Records to use:
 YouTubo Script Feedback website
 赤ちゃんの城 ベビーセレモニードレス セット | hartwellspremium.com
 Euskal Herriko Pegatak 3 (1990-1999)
...
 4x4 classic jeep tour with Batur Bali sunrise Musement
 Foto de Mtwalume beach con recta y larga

Activity: Would you copy out exactly the lines above that start at the one containing "赤ちゃんの城 ベビーセレモニードレス セット" and end at the one containing "Euskal Herriko Pegatak 3 (1990-1999)", inclusive?

Reply:
 赤ちゃんの城 ベビーセレモニードレス セット | hartwellspremium.com
 Euskal Herriko Pegatak 3 (1990-1999)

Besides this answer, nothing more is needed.